My parents were born Amish, and both come from typically large families—each with seven siblings. My grandparents on both sides left the most orthodox group when my parents were young, but they stayed close to the Amish and Mennonite communities. I grew up in the heart of Lancaster County, near the little towns of Gap and Intercourse. My earliest memories include hours of outdoor play with our next-door neighbors, an Amish family that lived beside ours for 28 years. My buddy was Gideon. We played horse-and-buggy using my mother’s garden cart.
We continued many of the Amish traditions, like growing our own vegetables. Each spring, we’d plant, and throughout the summer, we’d pick onions, corn and peas. The hottest days of summer always seemed to fall on corn-husking day. My mom’s sisters, along with her mother, would come to my house at sunrise to beat the heat, and husk and package every ear they could. The bags would then be frozen, and we’d enjoy them throughout the year. Fall is apple season. We’d set aside a day to wash, peel and condense the fruit into applesauce—though the 100 jars Mom once made have dwindled a bit since my siblings and I moved away.

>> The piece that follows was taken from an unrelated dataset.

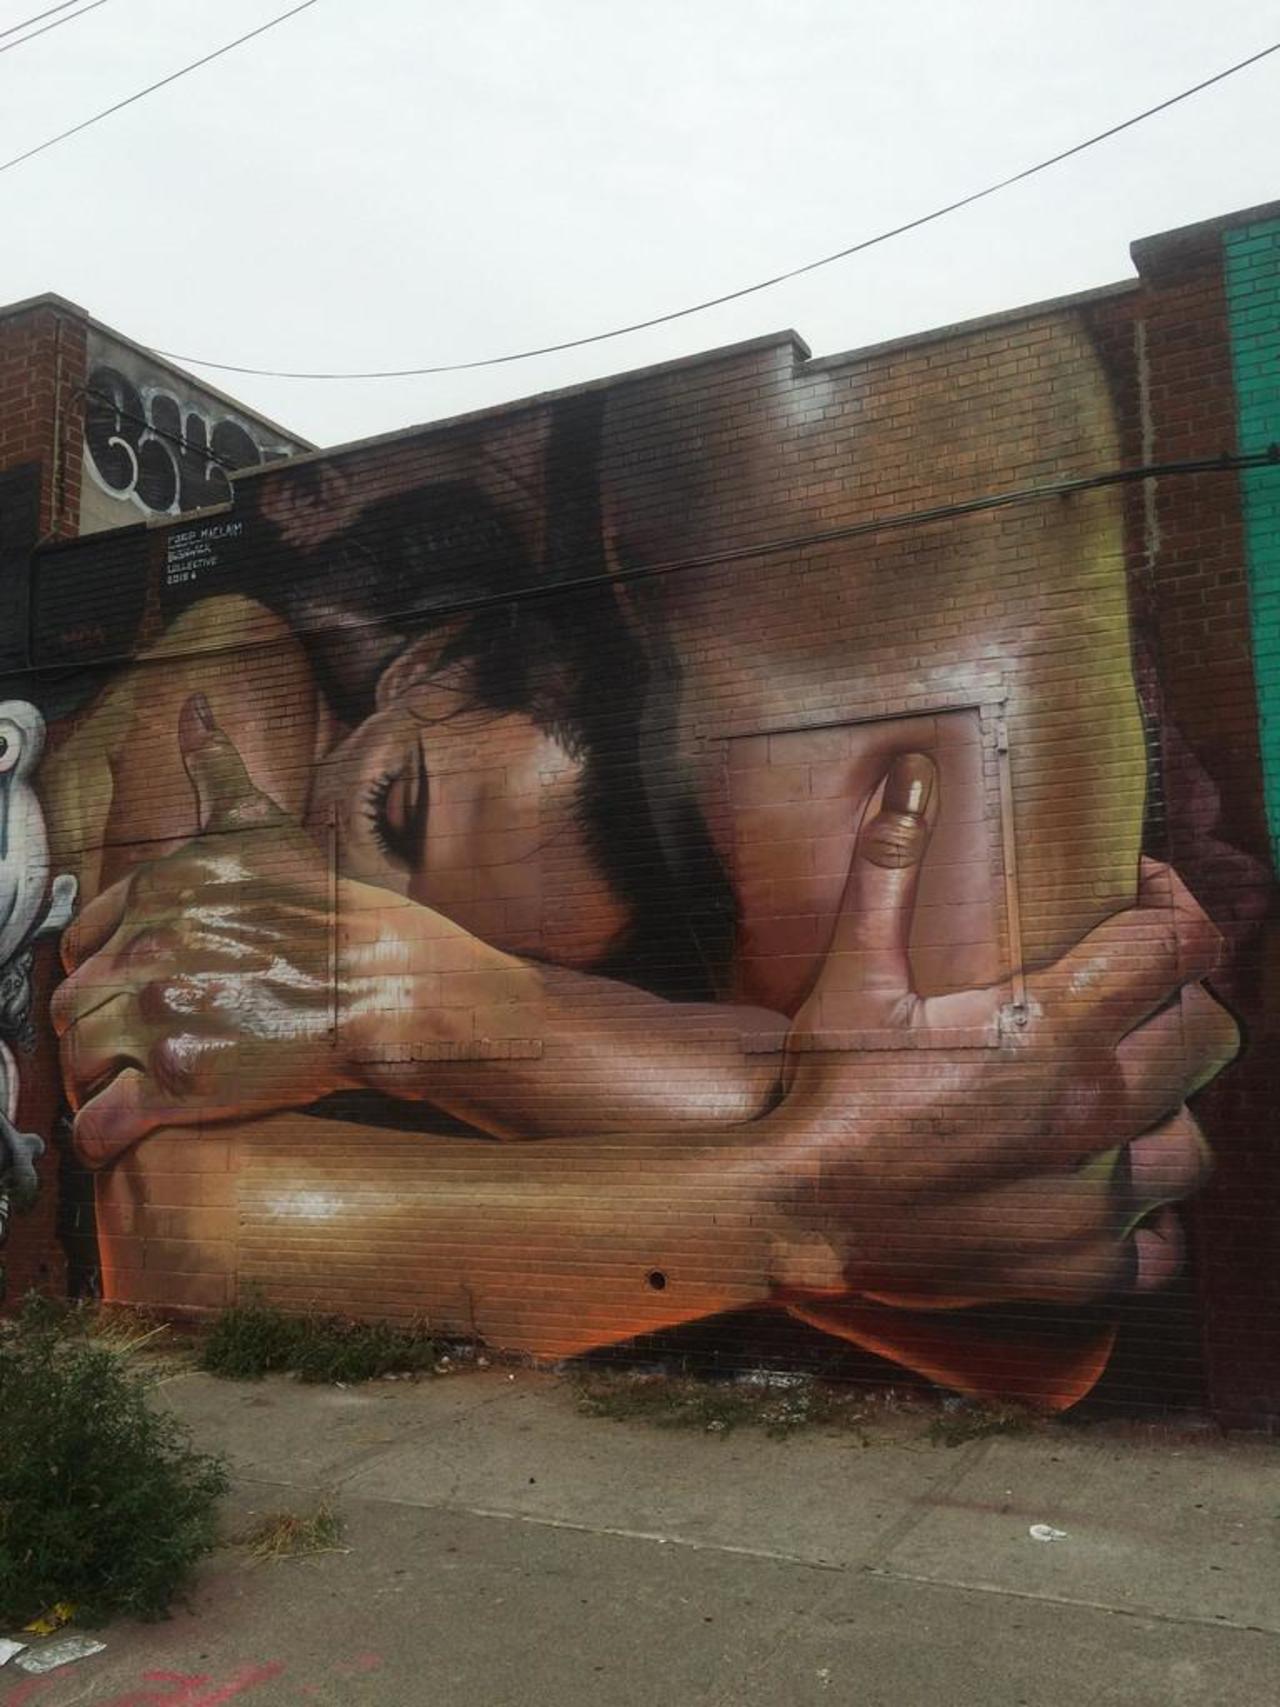 Case Maclaim's return to the Bushwick Collective in New York City. #StreetArt #Graffiti #Mural http://t.co/wwZ5OE9iZI
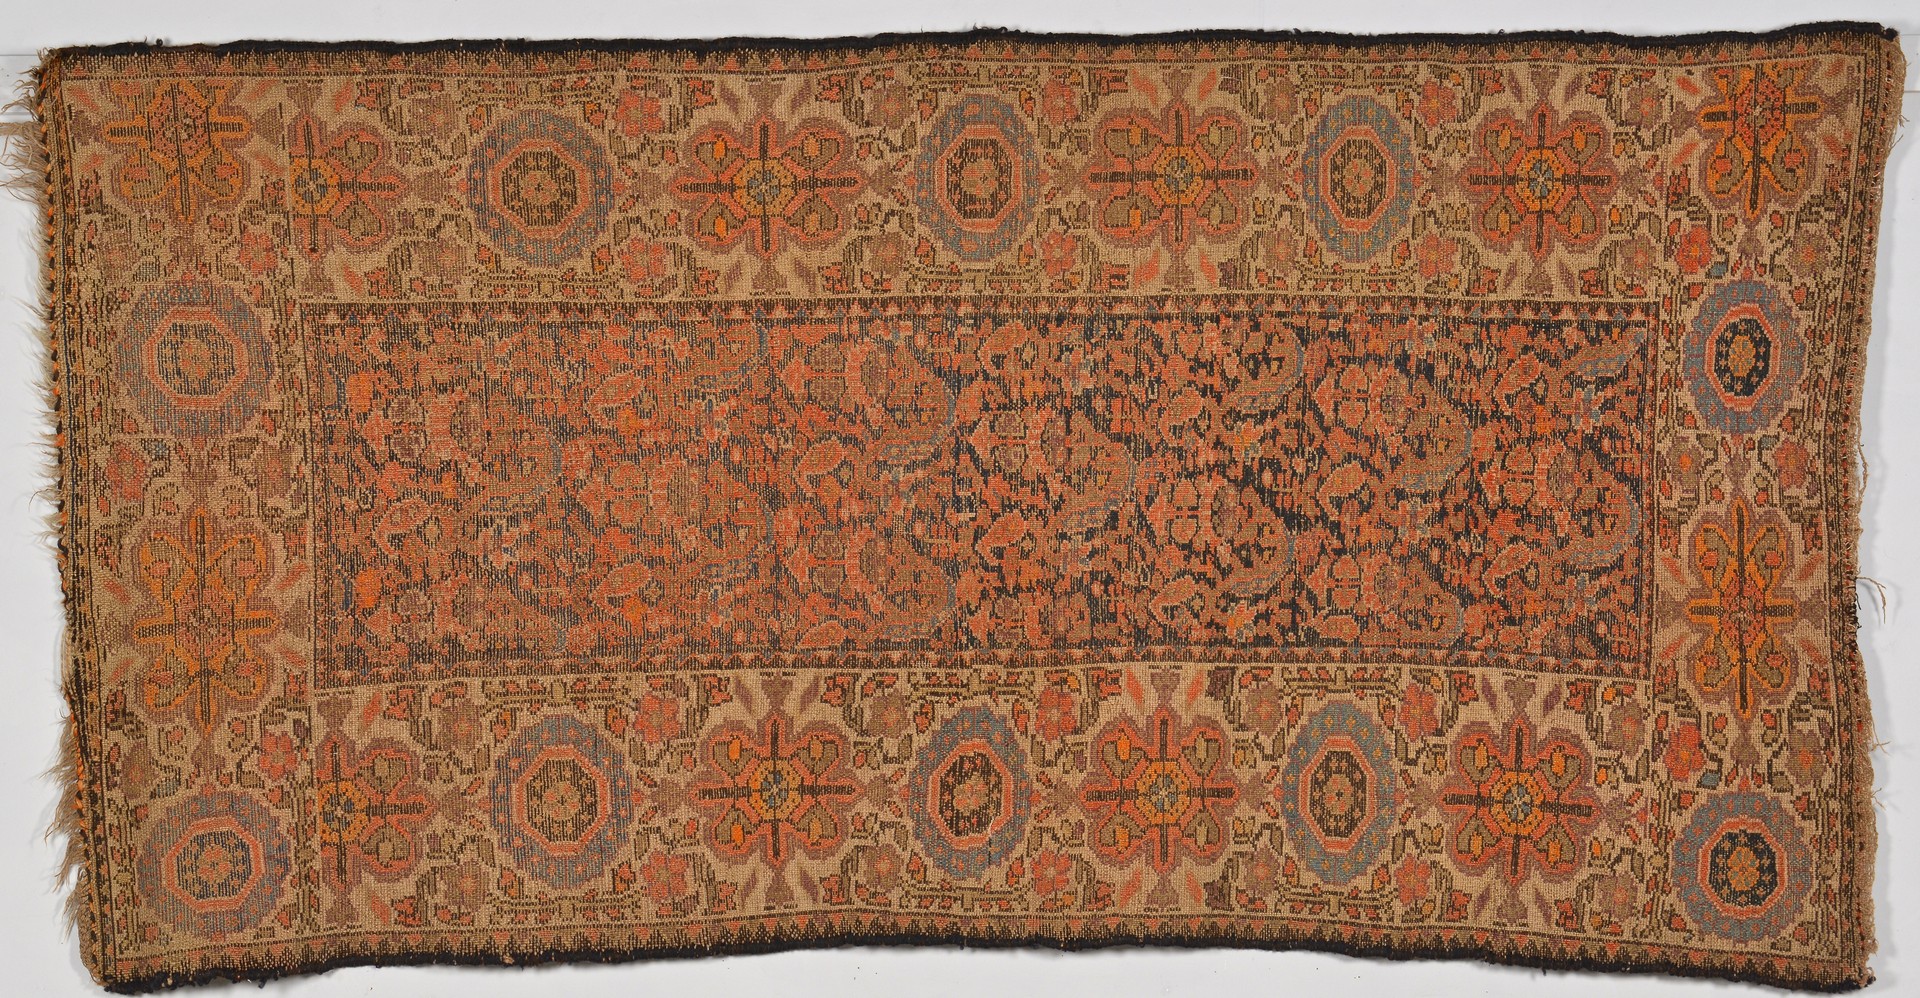 Lot 917: Kurdish area rug, early 20th century

My parents often spoke in Pennsylvania Dutch to keep their conversations secret. Our limited understanding of the language pretty much guaranteed that we could never keep up, though my grandmother tried her best to teach us. For the first 20 years of my life, she lived in a house right beside ours. Our crazy “modern” lives always shocked her. Though no longer Amish in her later years, she held closely to the values of her youth. She passed away in 2012, and her influence will continue to guide my life.
I remember being pulled out of school early the day of the deadly shootings at a little Amish school in Nickel Mines, Pa. In the following weeks, the Amish community chose to forgive the shooter and reach out to his wife and family in the aftermath of the tragedy. In a conversation with a neighbor around that time, I expressed how I thought a lot people might see that as odd or backwards. She looked me in the eyes with an almost confused expression, saying, “Well, it’s just what we do.”
This culture has shaped who I am. In the fall of 2010, I moved to Philadelphia to pursue a photography degree at Temple University’s Tyler School of Art. Although I’d experienced life outside of Lancaster before coming to Philadelphia, nothing could’ve prepared me for the move. As the years passed, I fell in love with city life. I like the energy and activity that seems to meet me at every corner. But there are still days when I need to escape back to the rolling hills of Lancaster County.
History comes down to what people deem is important enough to record. As an image-maker, I’ve taken it upon myself to offer an accurate visual voice for a group that normally doesn’t place emphasis on capturing the everyday details. All the subjects are from my community, and when I started this project in the fall of 2011, my goal was to respectfully document them. In light of the media’s often-fictionalized portrayal of the culture in “reality” shows like Breaking Amish, it was unnerving to think how easily the facts can get lost in (mis)translation. I wanted to celebrate the Amish for what they truly are: simple, beautiful, different—yet strangely familiar.